ML-KULeuven / problog

ProbLog is a Probabilistic Logic Programming Language for logic programs with probabilities.
https://dtai.cs.kuleuven.be/problog/
317 stars 35 forks source link

Persisting Problog Python objects #93

Closed rickshilling closed 1 year ago

rickshilling commented 2 years ago

Suppose I have

write_static_csv(static_data, ‘static_facts.csv’)

while not stop:

dynamic_data = get_dynamic_data()
write_dynamic_csv(dynamic_data, ‘dynamic_facts.csv’)
problog_string = """
    :- use_module(library(db)).
    :- csv_load(‘static_facts.csv’,’static_facts’).   % This is huge but static.  
    P::static_fact(X) :- static_facts(P,X).
    :- csv_load(‘dynamic_facts.csv’,’dynamic_facts’). % This is small but changes per iteration.  
    P::dynamic_fact(Y) :- dynamic_facts(P,Y).
    predicate_instance(X,Y) :- static_fact(X), dynamic_fact(Y), some_relation(X,Y).
    query(predicate_instance(_,_)).
    """
problog_program = PrologString(problog_string)
logic_formula = LogicFormula.create_from(problog_program)             # ground program
directed_acyclic_graph = LogicDAG.create_from(logic_formula)          # break cycles
sentential_decision_diagram = SDD.create_from(directed_acyclic_graph) # compile CNF to SDD
Problog_Output = sentential_decision_diagram.evaluate()
stop = determine_to_stop(Problog_Output)

Is there a way to presist the Problog engine, keeping the static facts between iterations, but subtracting the old and adding the new dynamic data without creating the Logic formulas, DAG, and SDD objects?
Also, what are some possible ways speed up the Problog execution steps.
Currently, sentential_decision_diagram.evaluate() takes 20+ minutes for me. Thanks.
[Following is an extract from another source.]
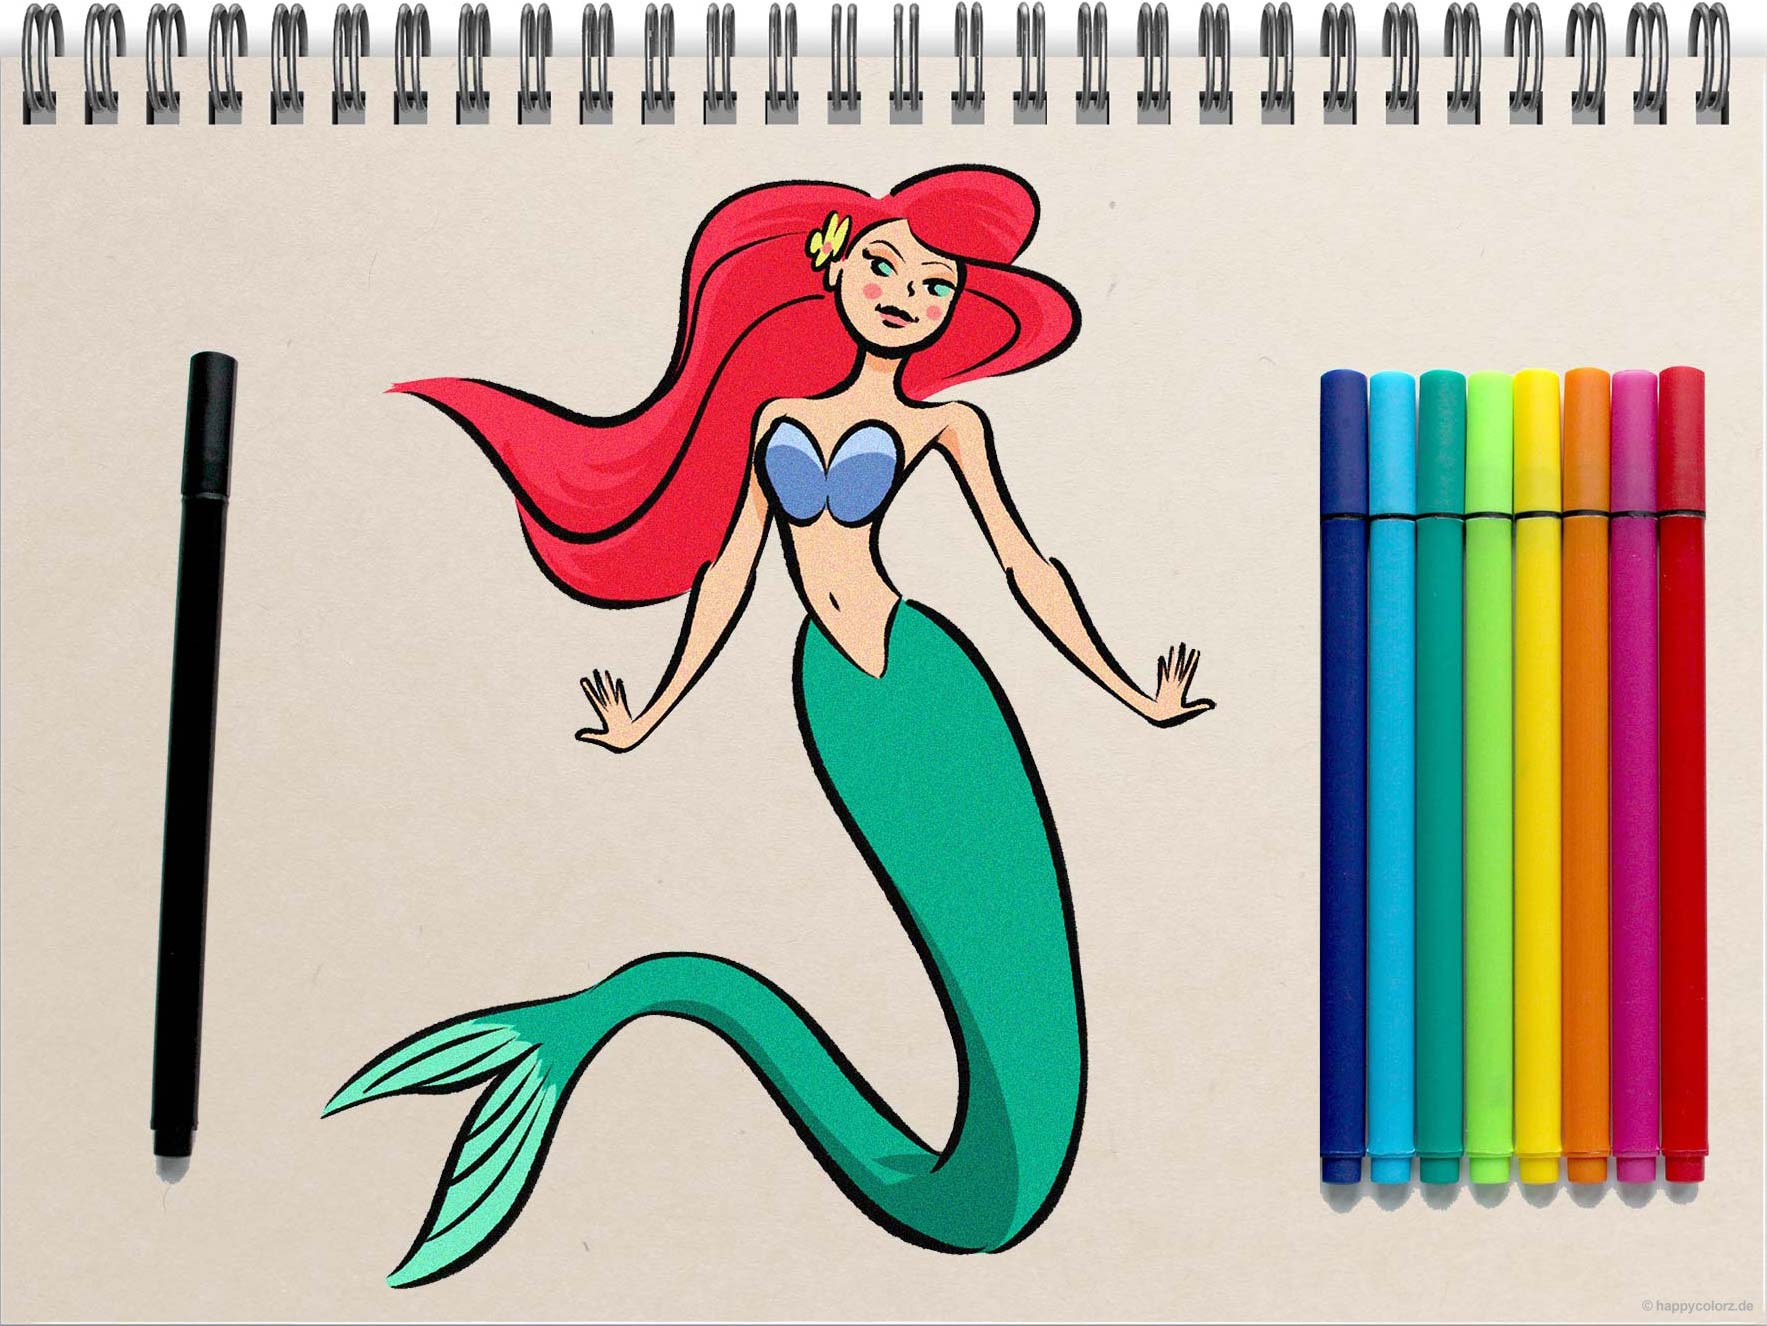 Meerjungfrau zeichnen - Schritt-für-Schritt Anleitung mit Vorlagen

VincentDerk commented 1 year ago

Perhaps of interest (source), you can extend a database so you can create 1 "base" database and for each batch of dynamically added facts you can create an extension of that base database. Throwing away an extended database when you no longer need it.

m1 = """
0.3::a(1).
query(a(X)).
"""
db = DefaultEngine().prepare(PrologString(m1))
print (get_evaluatable().create_from(db).evaluate())

m2 = """
0.4::a(2).
"""
db2 = db.extend()
for statement in PrologString(m2):
    db2 += statement

print (get_evaluatable().create_from(db2).evaluate())
print (get_evaluatable().create_from(db).evaluate())

results in

{a(1): 0.3}
{a(1): 0.3, a(2): 0.4}
{a(1): 0.3}

Here we made an extension of database db called db2. This new database contains all the clauses of the original (without copying them). We can discard any modifications by simply discarding db2.

So something more like

# -- prepare static db part --
static_problog_string = """
    :- use_module(library(db)).
    :- csv_load(‘static_facts.csv’,’static_facts’).   % This is huge but static.  
    P::static_fact(X) :- static_facts(P,X).
    P::dynamic_fact(Y) :- dynamic_facts(P,Y).
    predicate_instance(X,Y) :- static_fact(X), dynamic_fact(Y), some_relation(X,Y).
    query(predicate_instance(_,_)).
    """
static_db = DefaultEngine().prepare(PrologString(static_problog_string))

# while loop for dynamic part
while not stop:
    # -- complete program --
    extended_db = static_db.extend()
    dynamic_data = get_dynamic_data()
    # instead of writing dynamic_data into csv
    # and then writing csv into ProgLog db
    # consider writing straight into the extended_db.
    # not sure what efficiency difference will be...
    write_dynamic_csv(dynamic_data, ‘dynamic_facts.csv’)
    extended_db += PrologString(":- csv_load(‘dynamic_facts.csv’,’dynamic_facts’).")

    # -- evaluate --
    # if you do not time the separate steps, you can create them at once
    # using Problog_Output = SDD.create_from(extended_db).evaluate() 
    logic_formula = LogicFormula.create_from(extended_db)             # ground program
    directed_acyclic_graph = LogicDAG.create_from(logic_formula)          # break cycles
    sentential_decision_diagram = SDD.create_from(directed_acyclic_graph) # compile CNF to SDD
    Problog_Output = sentential_decision_diagram.evaluate()
    stop = determine_to_stop(Problog_Output)

Something that may help is passing sdd_auto_gc=True to SDD.create_from , sometimes it becomes slower though..

SDD.create_from(directed_acylyc_graph, sdd_auto_gc=True)